The T-Shaped Data Scientist
At this point, it’s pretty clear that there is still no definitive consensus on what the expression “data science” is referring to. Of course, many definitions have been suggested, but the most memorable is a variation of the tongue-in-cheek “Statistics performed in San Francisco,” which is hardly an exhaustive description. While an exact definition may still escape us, however, it is arguably clear that the term is largely referring to traditional advanced analytics, but practiced in a more modern context — the focus being on data and applications made possible by the widespread use of the Internet.

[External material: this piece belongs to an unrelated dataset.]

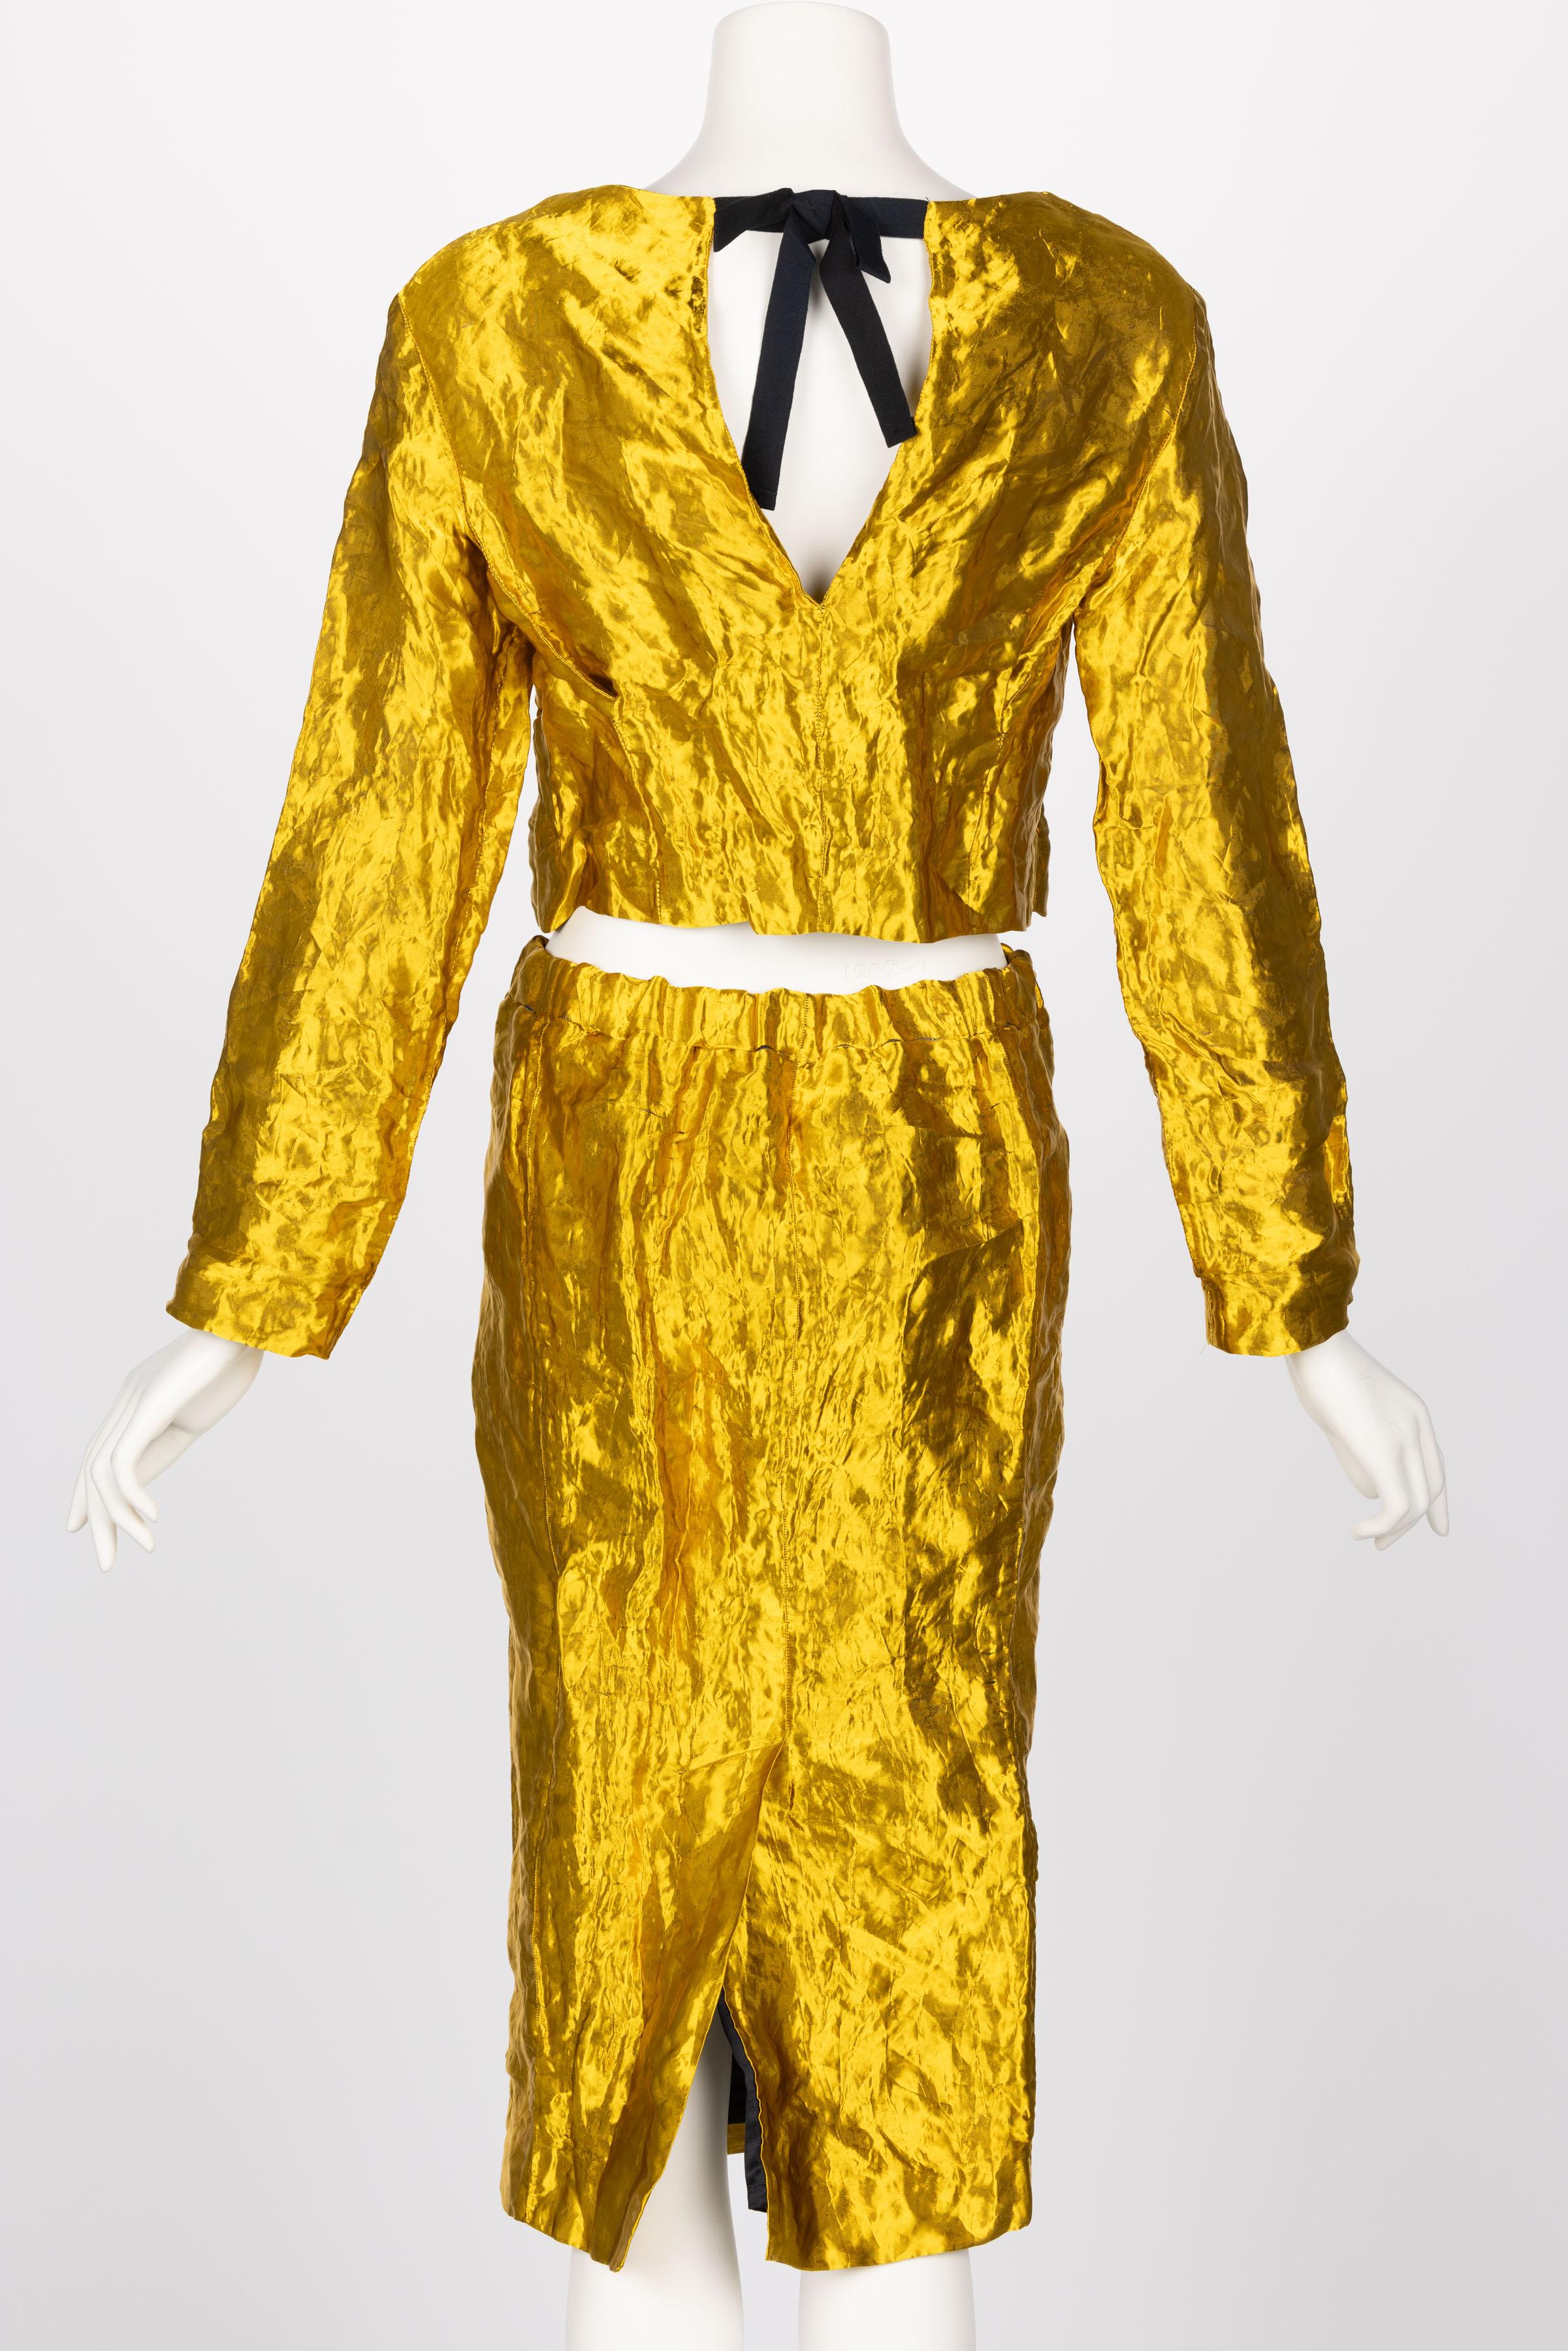 Prada Gold Metal Jacket Top & Skirt Set Spring 2009 2

As someone who has practiced analytics for several years, I view it (and data science), as cross-disciplinary fields, combining:
> Statistics/Machine Learning/Data Mining
> Database Infrastructure
> Communication/Business Acumen
> Domain Expertise
into a skill set that will often map to something resembling:
A while back, while reading a history of McKinsey & Company, I encountered the idea of the T-shaped consultant. The general idea is that you, as an employee, should have skills shaped like the letter “T,” with a wide breadth of general knowledge, but deep expertise in one specific area. This balance allows you to truly understand not only what you bring to the table, but also where your specific skills fit into the larger ecosystem in which you work.

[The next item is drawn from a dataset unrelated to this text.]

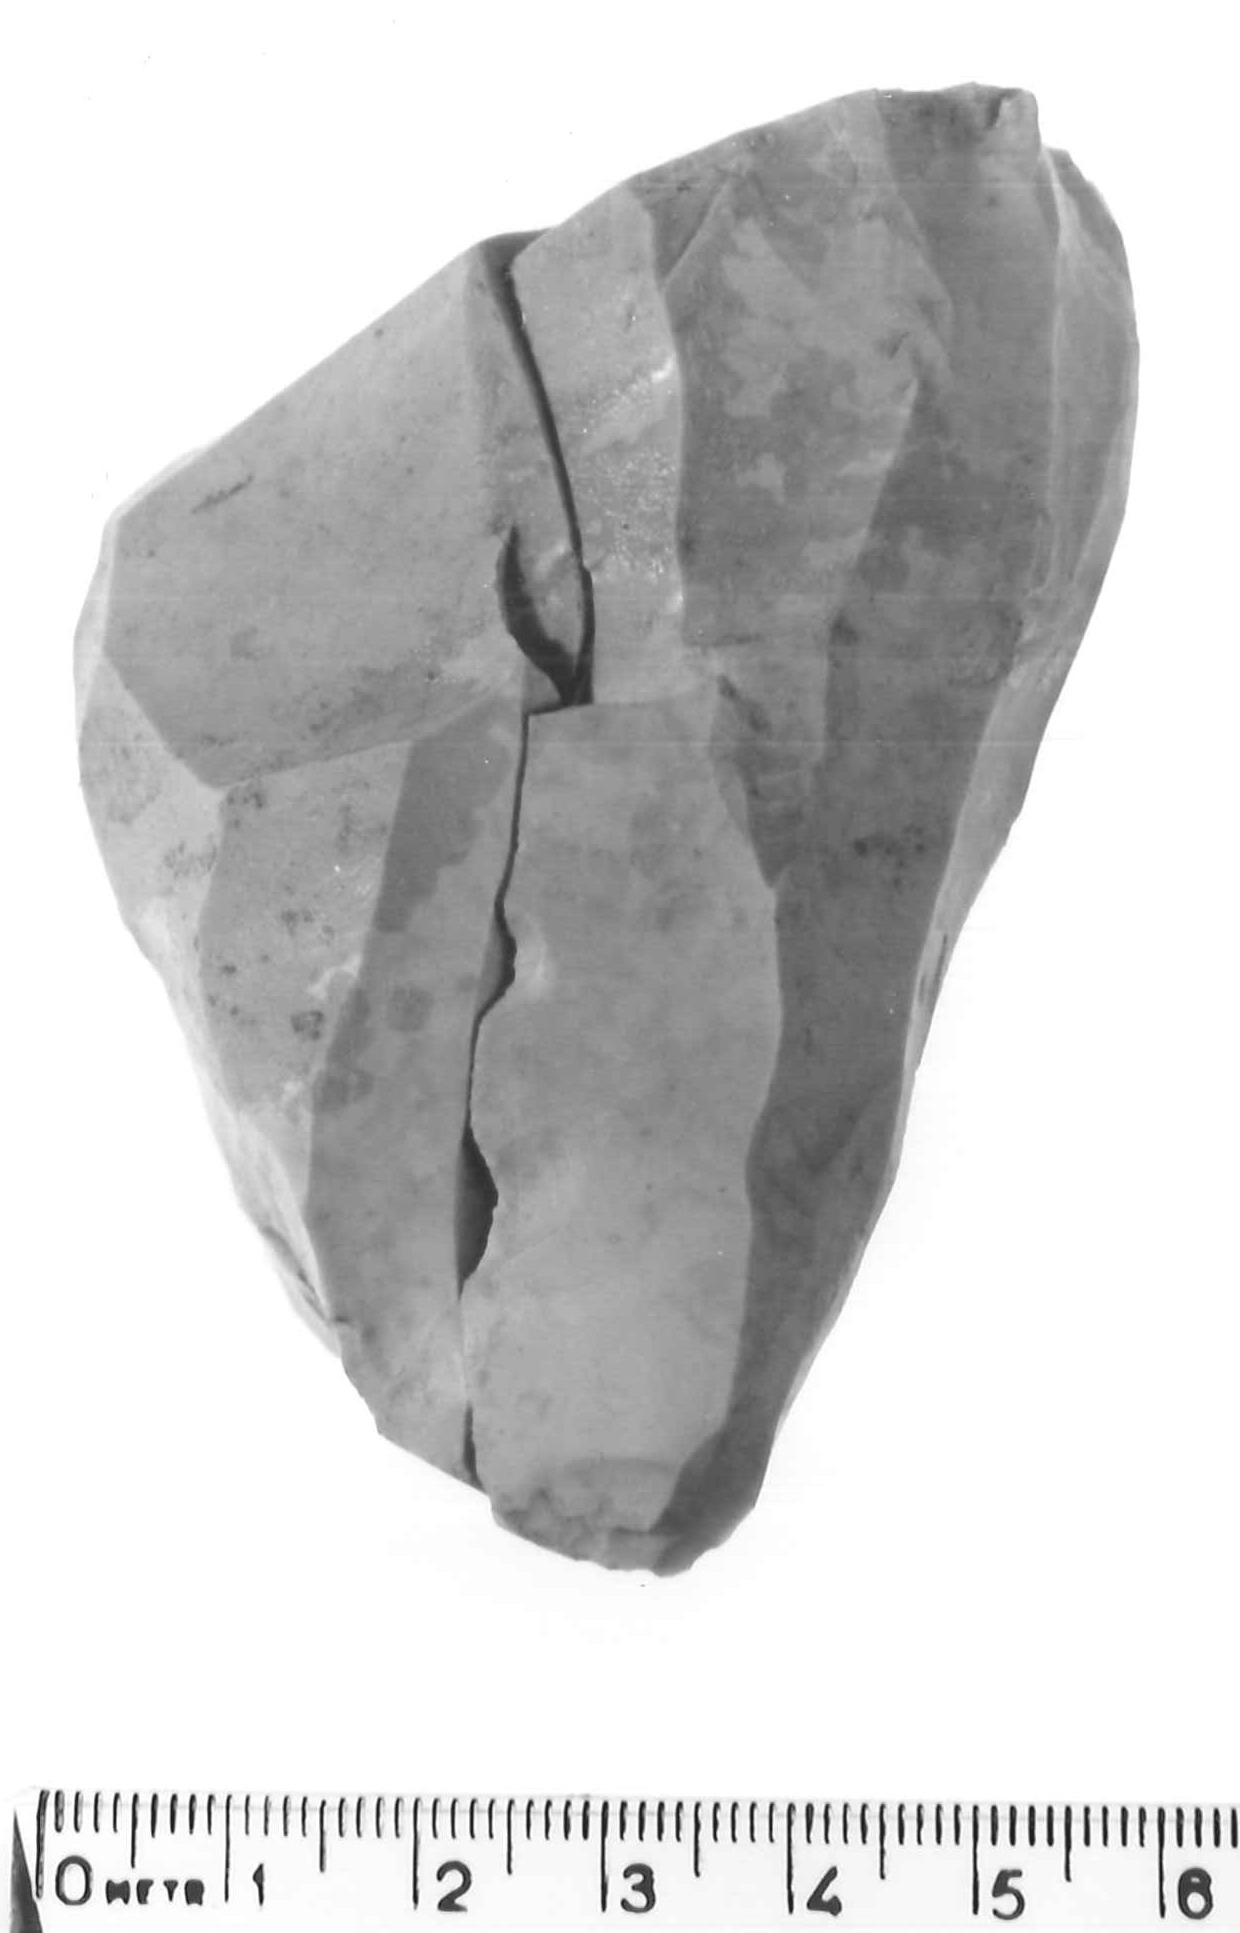 nucleo a due piani di percussione opposti - epigravettiano antico (paleolitico superiore)

It occurred to me sometime later that this was an apt mental model with which to view the data science profession. For a few years, the focus (as outlined in mainstream press) was on hiring individuals who possessed deep knowledge in each of the five above categories. The flaw with that approach is fairly obvious — when it comes to this field, there are very few people who possess high-caliber deep knowledge across several verticals. For example, the data scientist who sets up your Hadoop cluster probably isn’t going to be the same person who develops your classification algorithms. Likewise, this may not be the same person who handles all of the meetings regarding where the solution being created fits into the related business objectives. That’s not to say that such individuals do not exist, it’s just that they are not abundant — in fact, the three tasks given in the above example are typically performed by people traveling along three distinct career paths.
I find it interesting that though this specific construct (of the T-shaped data scientist) has received some attention, it isn’t more widely discussed. The voices in support of hiring cross-functional teams have (fortunately) increased in volume, but it is in staffing these teams that we must look for T-shaped employees. Sure, our database architect may not be the one going through the model-building process, but if she possesses the breadth of knowledge to have a good idea of what our statistician is planning, she may be able to secure data that would have otherwise seemed unimportant. Likewise, if our statistician understands that our product manager will eventually need to explain the predictors of some outcome in detail, she may choose a logistic regression over an approach like the random forest.
The goal in assembling a data science team should not center on looking for individuals who can do it all, as few exist. It should rather focus on gathering those who together hold a portfolio of deep skills, grounded by an awareness of how those skills can work together to accomplish something great.
NB: Though I did arrive at the construct of the T-Shaped Data Scientist independently, I am definitely not the first person to have done so. Google around for the takes of different authors.